Is this a great mob movie scene or what?


I didn’t make it up; it’s in a file from the FBI Vault just released today, about the 1980 murder of Philadelphia mob boss Angelo Bruno. In the days following the assassination the FBI and other agencies fanned out across the City of Brotherly Love and other mafia strongholds to learn what they could about who plugged Bruno at close range under his ear.


On this particular night, two agents visited a location [name redacted] in hopes of interviewing rival mob associate, Frank Sindone. The front of the building was completely dark, but looking through the glass front door, the agents could see activity. After a few minutes, they were let in, and a man allowed the agents to enter a back room. I’ll let the file take it from there; the narrative is much better than anything I could dream up.


“As the agents entered the room, they observed approximately 25 adult males in the room, about ten of which were seated around a brown Formica kitchen table approximately 3 ½ feet by 8 feet in size. It was also noted that several men were sitting on fold-up type chairs around  the room as well as on a couch located along the left side of the wall…One of the men seated at the table said “good evening officers, we were just playing cards,” to which another added, “yeah, a little pinochle.” It was noted that neither SA (FBI Special Agent) [name redacted] nor SA [name redacted] observed any playing cards in the room.


The agents observed that there was a third room equipped with kitchen appliances, including a refrigerator and stove.

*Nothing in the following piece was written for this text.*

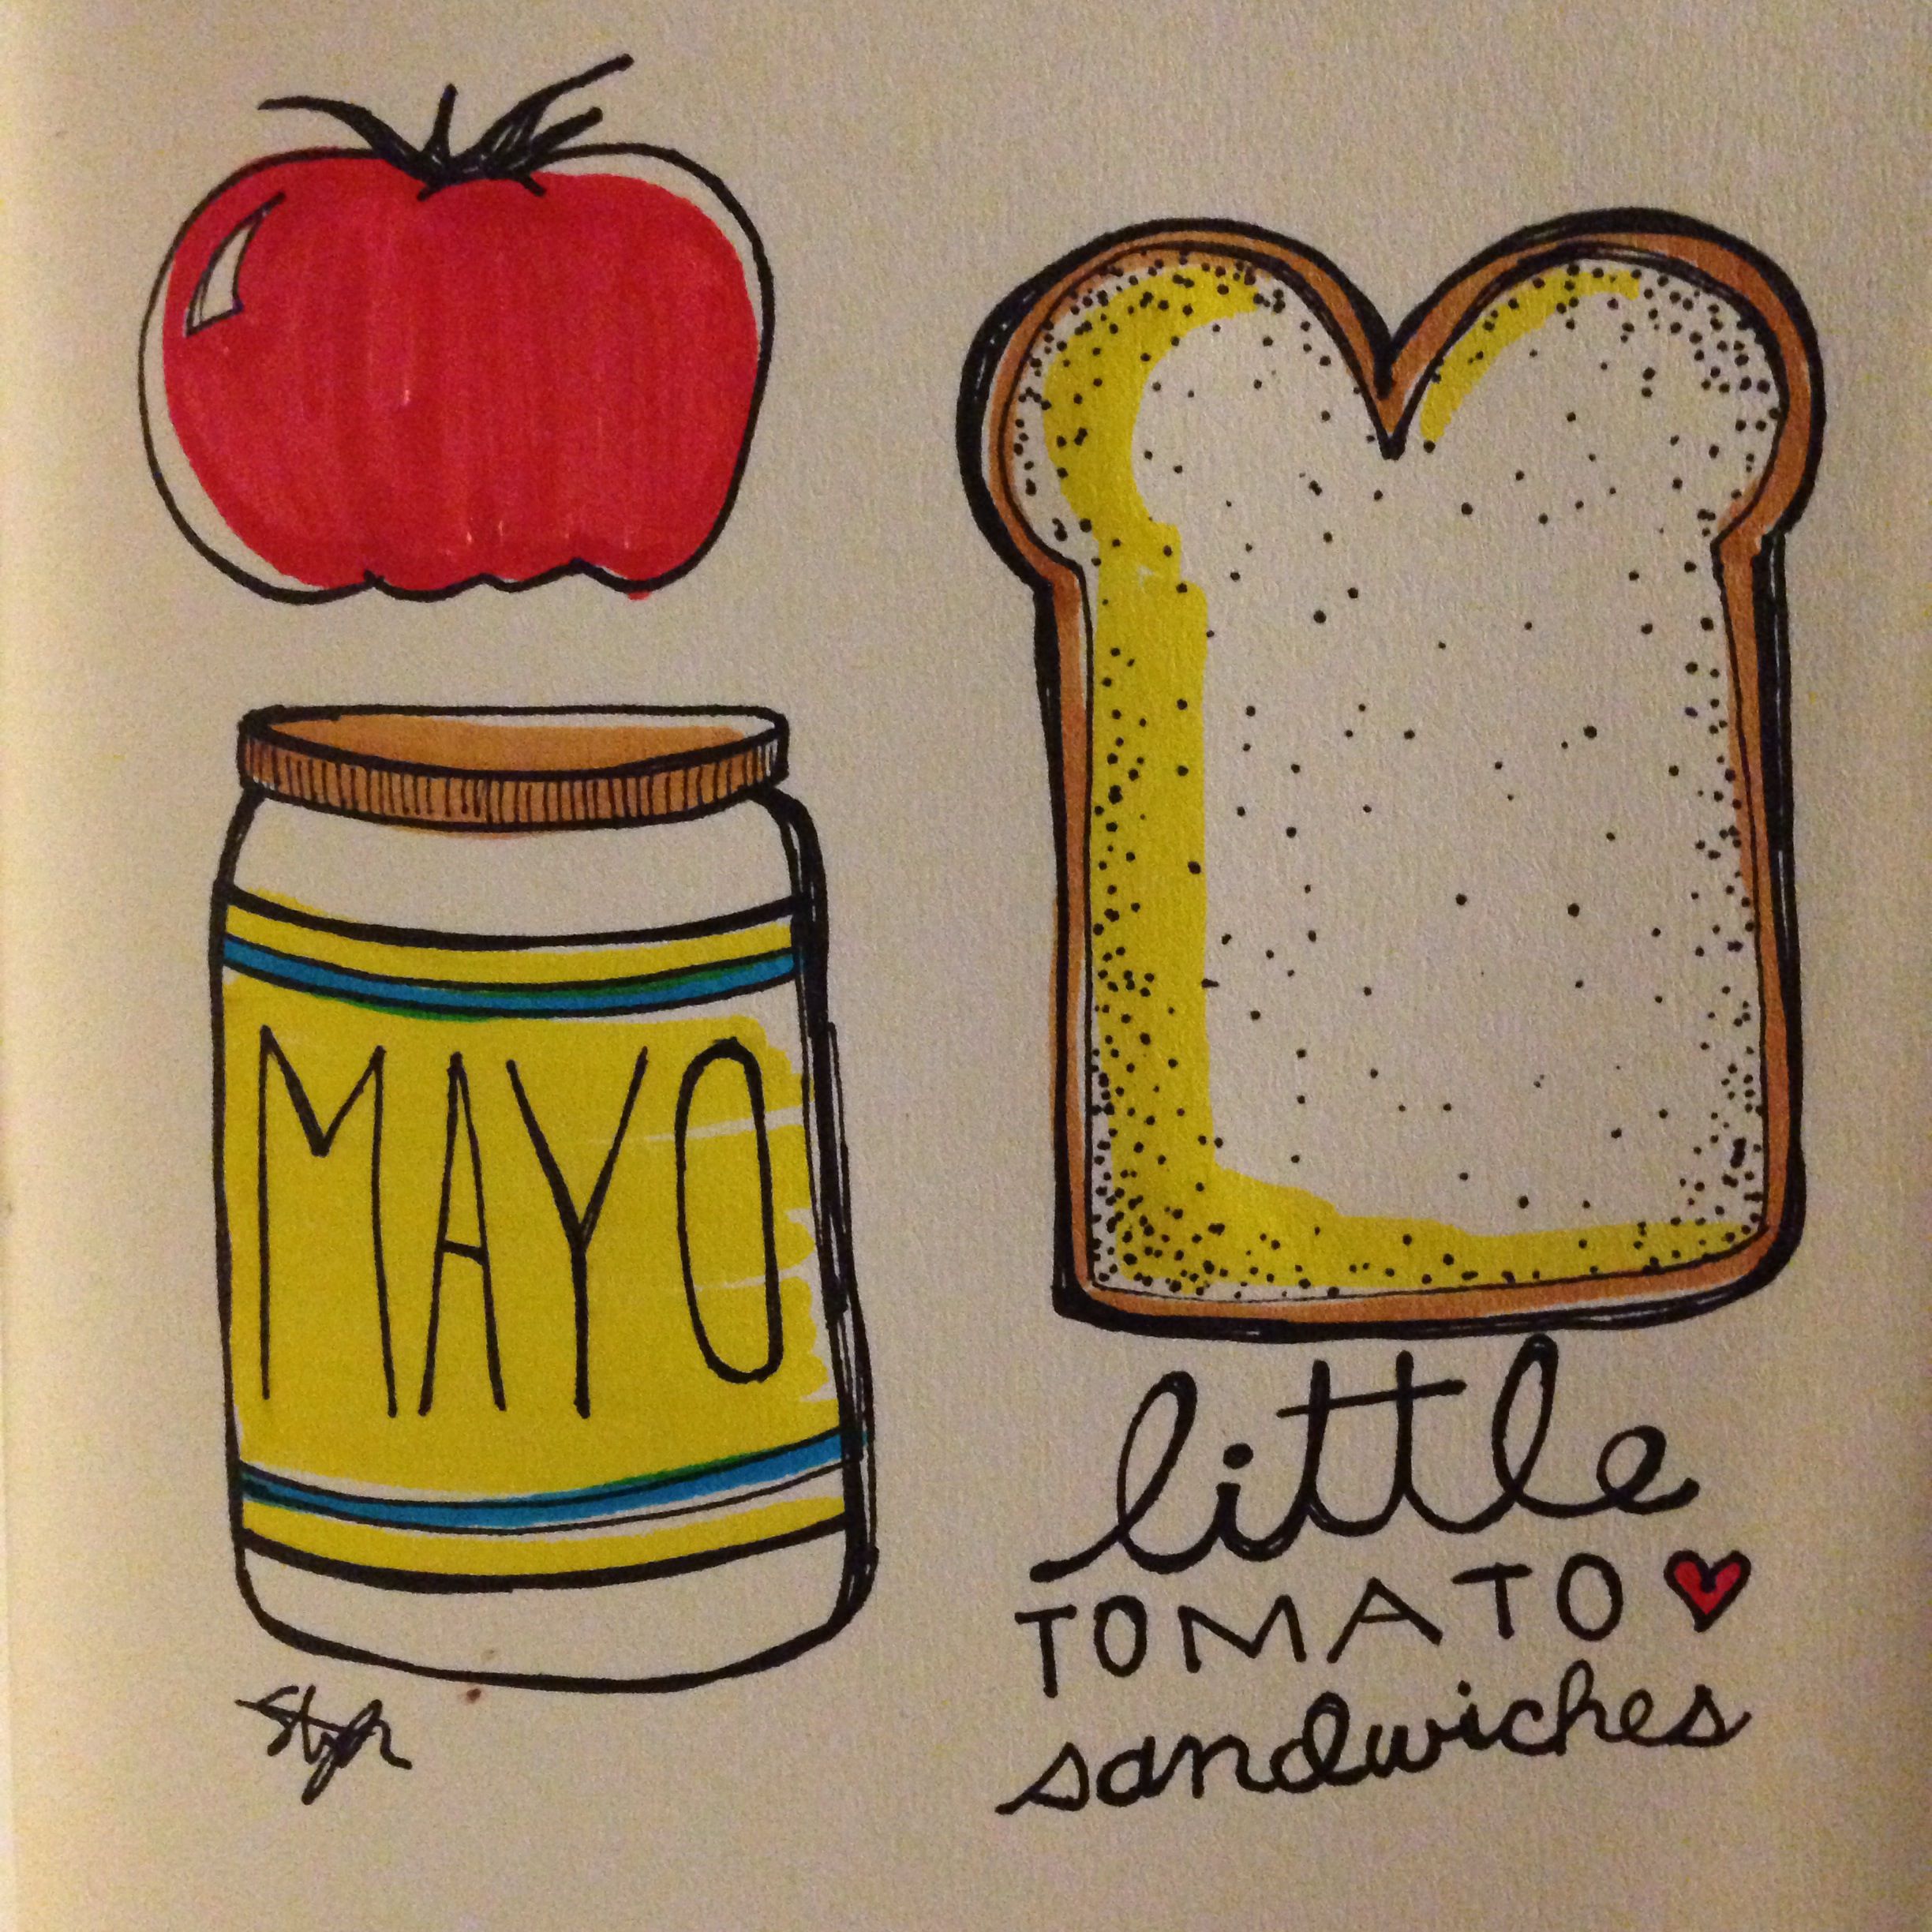 cute recipe illustration of ingredients for little tomato sandwiches - tomato, mayo, and a slice of bread

On the stove there was a large kettle in which there was cooking meatballs in red tomato sauce and at the time of observation an unidentified white male was making meatball sandwiches.”


Yummy to be sure.


But that’s not the juiciest part of the story. One of the men inside insists he does not know Frank Sindone, or another man the agents inquired about, Chickie Narducci, but promised to have them contact the agents should they ever happen to show up there. Right under the agents’ noses, it seems Narducci did come through the front door, but, spotting the agents, “turned around and briskly walked away.”


The thing to note about these old FBI files is that they are heavily redacted and come in no particular chronological order. This file ends as abruptly as it started so this reader/writer is unclear whether the G -men were able to catch up with Narducci that night, or with Sindone ever. But according to online articles, the two warring factions in Bruno’s Philadelphia family never worked things out. Sindone came to his own bad end in a mob hit in October 1980 and Narducci met with a similar fate in 1982.


And that’s what they call “a little pinochle.”